Nikita Khrushchev

Nikita Khrushchev, at the signing of the Nuclear Test Ban Treaty 1963. © Khrushchev was leader of the Soviet Union from 1955 until 1964, succeeding Joseph Stalin. He presided over the Cuban Missile Crisis.

Nikita Sergeyevich Khrushchev was born in 1894 into a poor family near Kursk in south-western Russia. He received very little formal education. He joined the Bolshevik Party in 1918 and served in the Red Army during the Russian Civil War.

In 1929, Khrushchev moved to Moscow to attend the Stalin Industrial Academy. In 1931, he began to work full-time for the Communist Party, rising through its ranks to become first secretary of the Moscow City Party Committee in 1938. The following year he became a member of the Politburo, the highest decision-making body of the Communist Party. During World War Two, Khrushchev worked as a political commissar in the army.

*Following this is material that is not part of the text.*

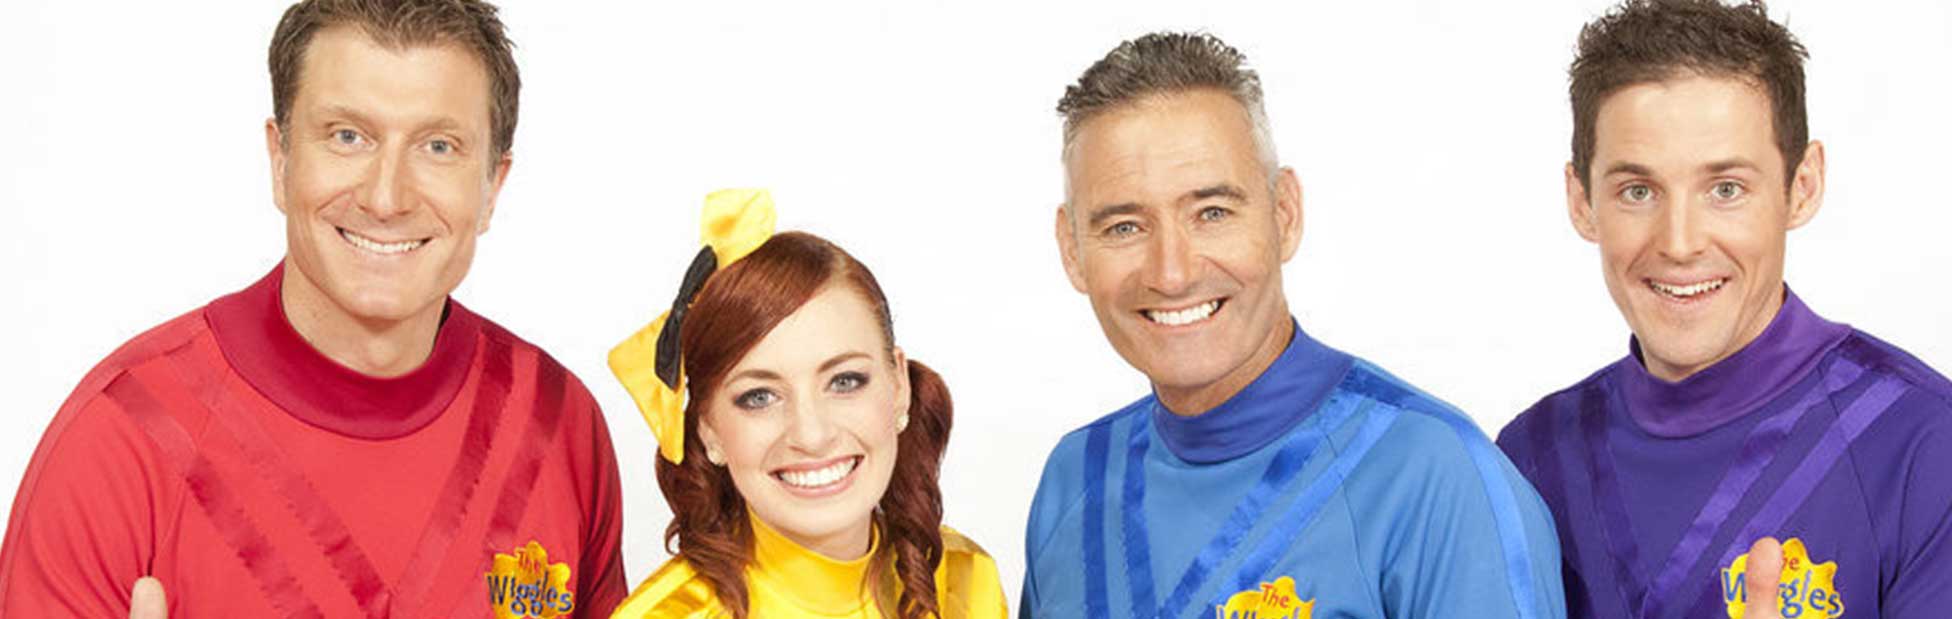 The Wiggles group shot

Stalin died in March 1953. Khrushchev became leader of the party shortly afterwards, but it took him several years to consolidate his position. In February 1956, he made a secret speech to the 20th Party Congress, denouncing Stalin. It caused a sensation in the Communist Party and in the West, although Khrushchev failed to mention his own role in the Stalinist terror.

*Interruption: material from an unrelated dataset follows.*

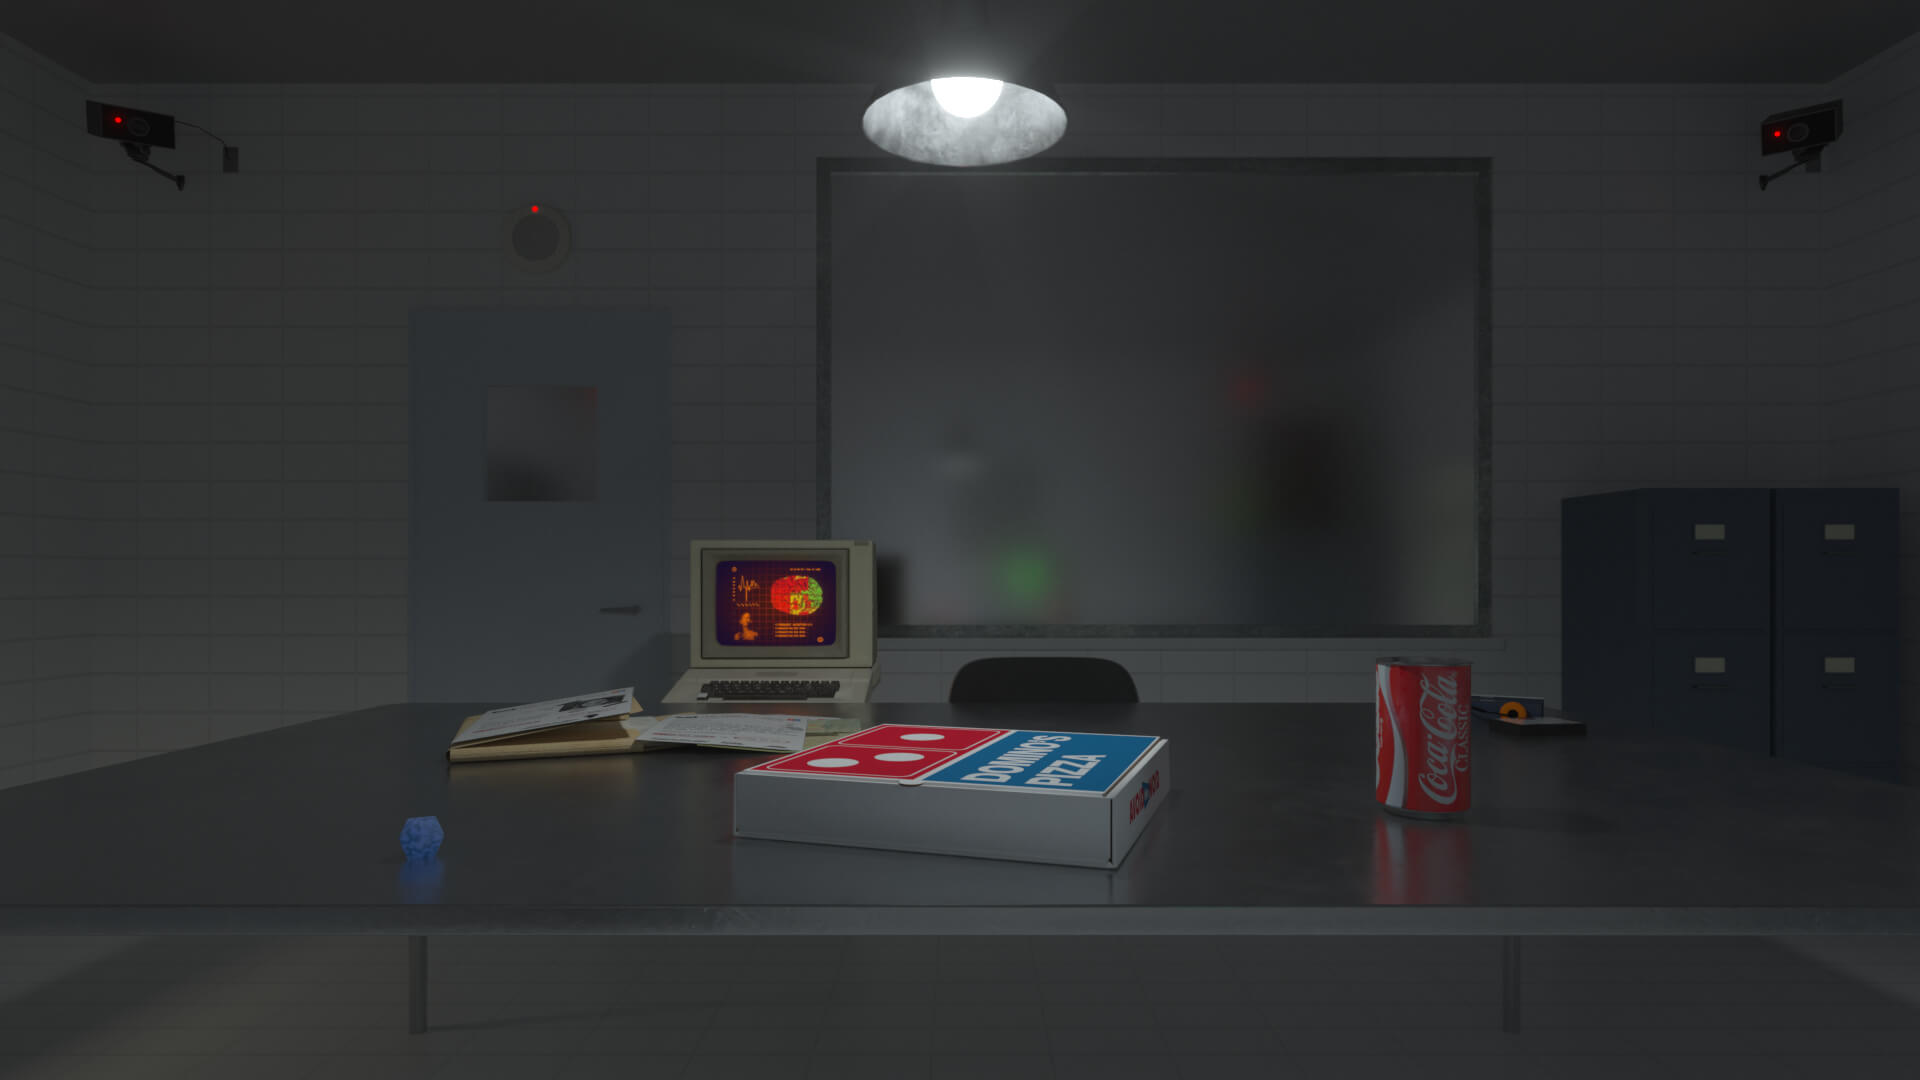 Hawkins National Laboratory observation room scene featuring a variety of props including a 1980s Domino's pizza box, 20 sided die, 1980s Coke can, 1980s computer monitor and a folder of papers on a metal desk.

The speech initiated a campaign of 'de-Stalinisation'. Khrushchev also attempted to improve Soviet living standards and allow greater freedom in cultural and intellectual life. In the mid-1950s, he launched his 'Virgin Lands' campaign to encourage farming on previously uncultivated land in the Kazakh Republic (Kazakhstan). He invested in the Soviet space programme, resulting in the 1957 flight of Sputnik I, the first spacecraft to orbit the earth.

In relations with the West, Khrushchev's period in office was marked by a series of crises - the shooting down of an American U2 spy-plane over the Soviet Union in 1960, the building of the Berlin Wall in 1961 and, most significantly, the Cuban Missile Crisis in 1962, which brought the world to the brink of nuclear war. Despite this, Khrushchev also attempted to pursue a policy of co-existence with the West. This change in doctrine, together with Khrushchev's rejection of Stalinism, led to a split with Communist China in 1960.

Significantly, Khrushchev was not prepared to loosen the grip of the Soviet Union on its satellite states in Eastern Europe and, in 1956, an uprising in Hungary against Communist rule was brutally suppressed.

By 1964, Khrushchev had alienated much of the Soviet elite and was forced to retire by opponents led by Leonid Brezhnev. Khrushchev died on 11 September 1971 in Moscow.
 
Wasn't it during UN grilling over the Hungarian repression that he historically pounded his shoe on the desk?